Why it matters: There's already a lot of disinformation regarding the Covid-19 vaccines, and hackers are trying to increase the distrust by leaking hacked information about the BioNTech-Pfizer and Moderna jabs that has been manipulated.

Last month, the European Medicines Agency (EMA) revealed it experienced a hack in which documents and emails relating to the regulatory submissions for the Covid-19 vaccines, stored on an EMA server, had been illegally accessed.

In its latest update on the investigation, the EMA writes that some of the hacked documents have leaked online, though not in their original form.

"Some of the correspondence has been manipulated by the perpetrators prior to publication in a way which could undermine trust in vaccines," the agency notes

While the EMA hasn't revealed what information was altered, it wrote: "We have seen that some of the correspondence has been published not in its integrity [...] and, or with, comments or additions by the perpetrators."

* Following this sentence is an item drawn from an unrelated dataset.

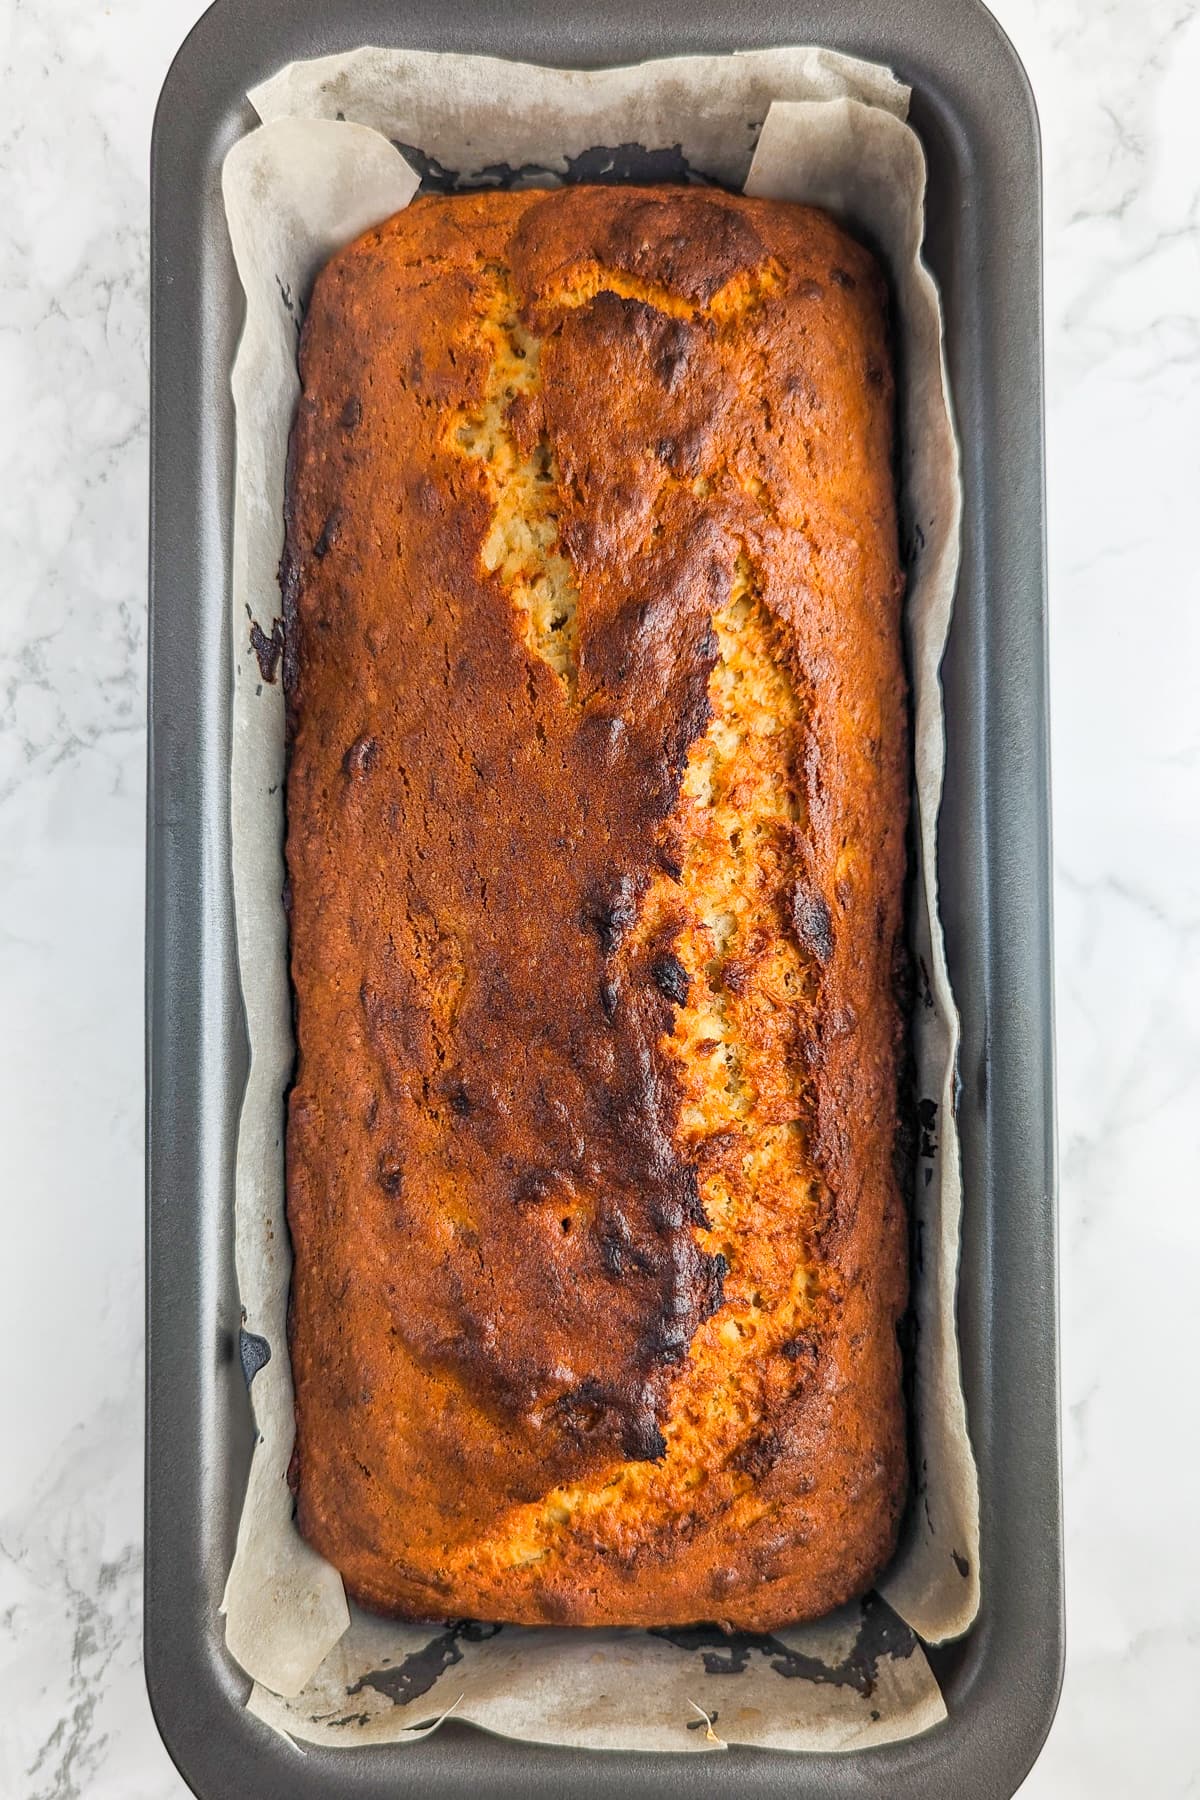 Gray metal cake pan with banana bread inside on a white marble surface.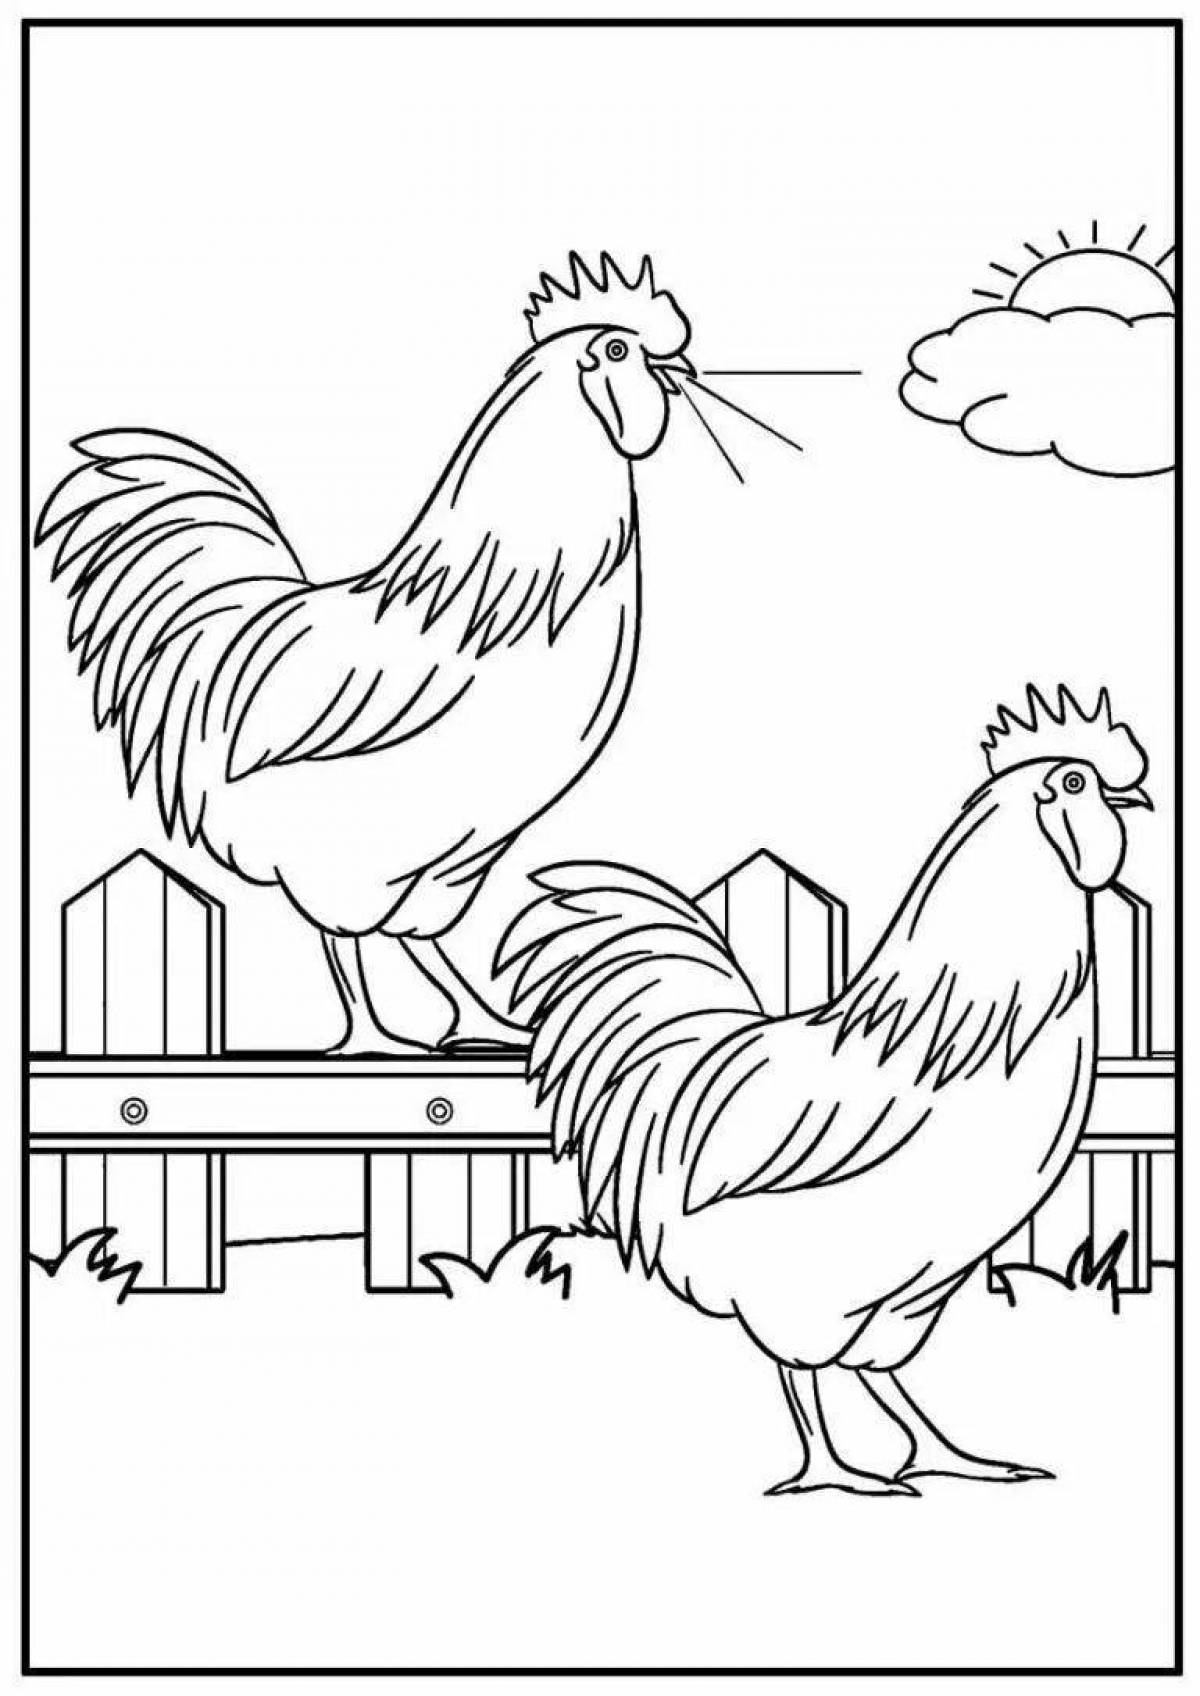 Tempting chicken coop coloring page

It's still unknown who was behind the EMA hack or what they would have to gain by spreading disinformation about the Covid-19 vaccines. According to Dutch broadcaster NOS, the hacked pages were posted on a Russian forum, and a "foreign intelligence service" was behind the incident.

Last month, with the vaccines rolling out across the world, the IBM Security X-Force team found that a spear-phishing campaign was taking place targeting organizations in the Covid-19 cold chain---the process in which coronavirus vaccines are safely transported and stored in temperature-controlled environments.